China said it will conduct regular annual naval exercises in the western Pacific later this month, emphasising its rights to do so in the face of regional fears about its growing military strength.
China has been building new submarines, surface ships and anti-ship ballistic missiles as part of its naval modernisation, and in August made a trial launch of its first aircraft carrier, a retrofitted Soviet vessel.
“This is an annual, planned routine drill. It is not directed at any specific country or target and is in keeping with relevant international laws and practices,” a two-line statement on the Defence Ministry’s website (www.mod.gov.cn) said, Reuters reports.
“China’s freedom of navigation and other legal rights should not be obstructed,” it said, without giving further details about where the drills would occur.
China’s growing reach at sea is raising regional concerns that have fed into long-standing territorial disputes in energy-rich waters that could speed up military expansion across Asia.

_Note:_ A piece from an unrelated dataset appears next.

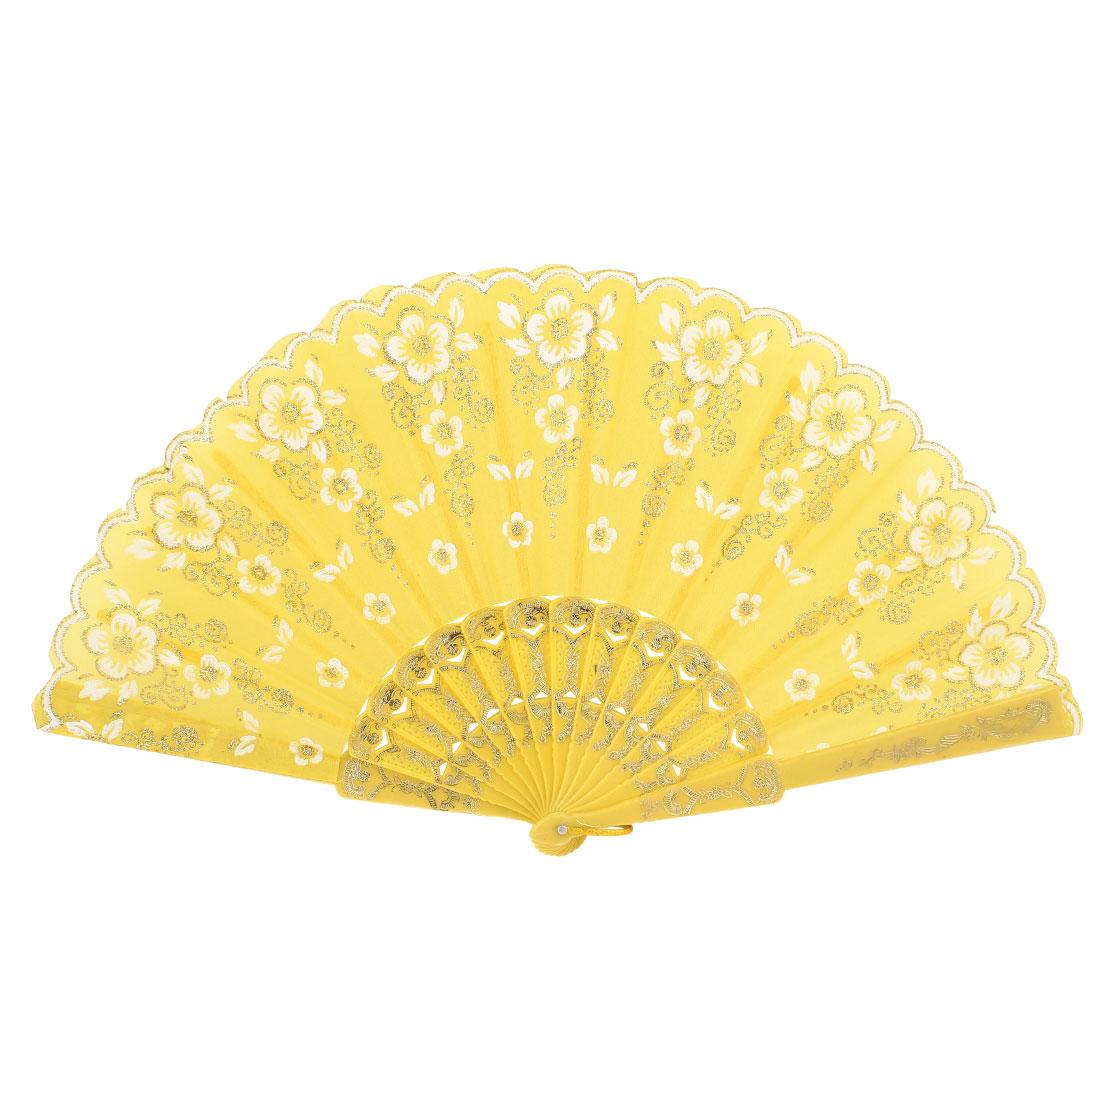 Wedding Party Ornament Glitter Powder Flower Pattern Folding Hand Fan Yellow

A week ago, U.S. President Barack Obama and Australian Prime Minister Julia Gillard unveiled plans to deepen the U.S. military presence in the Asia-Pacific, with 2,500 U.S. Marines operating out of a de facto base in northern Australia.
In the past year, China has had run-ins at sea with Japan, Vietnam and the Philippines. The incidents — boat crashes and charges of territorial incursions — have been minor, but the diplomatic reaction has often been heated.
Tense maritime stand-offs have persisted in the disputed South China Sea, where key shipping lanes carry some $5 trillion a year in world trade.
Chinese state media has said that building a strong navy that is commensurate with China’s rising status is a necessary step in China’s efforts to safeguard its increasingly globalised national interests.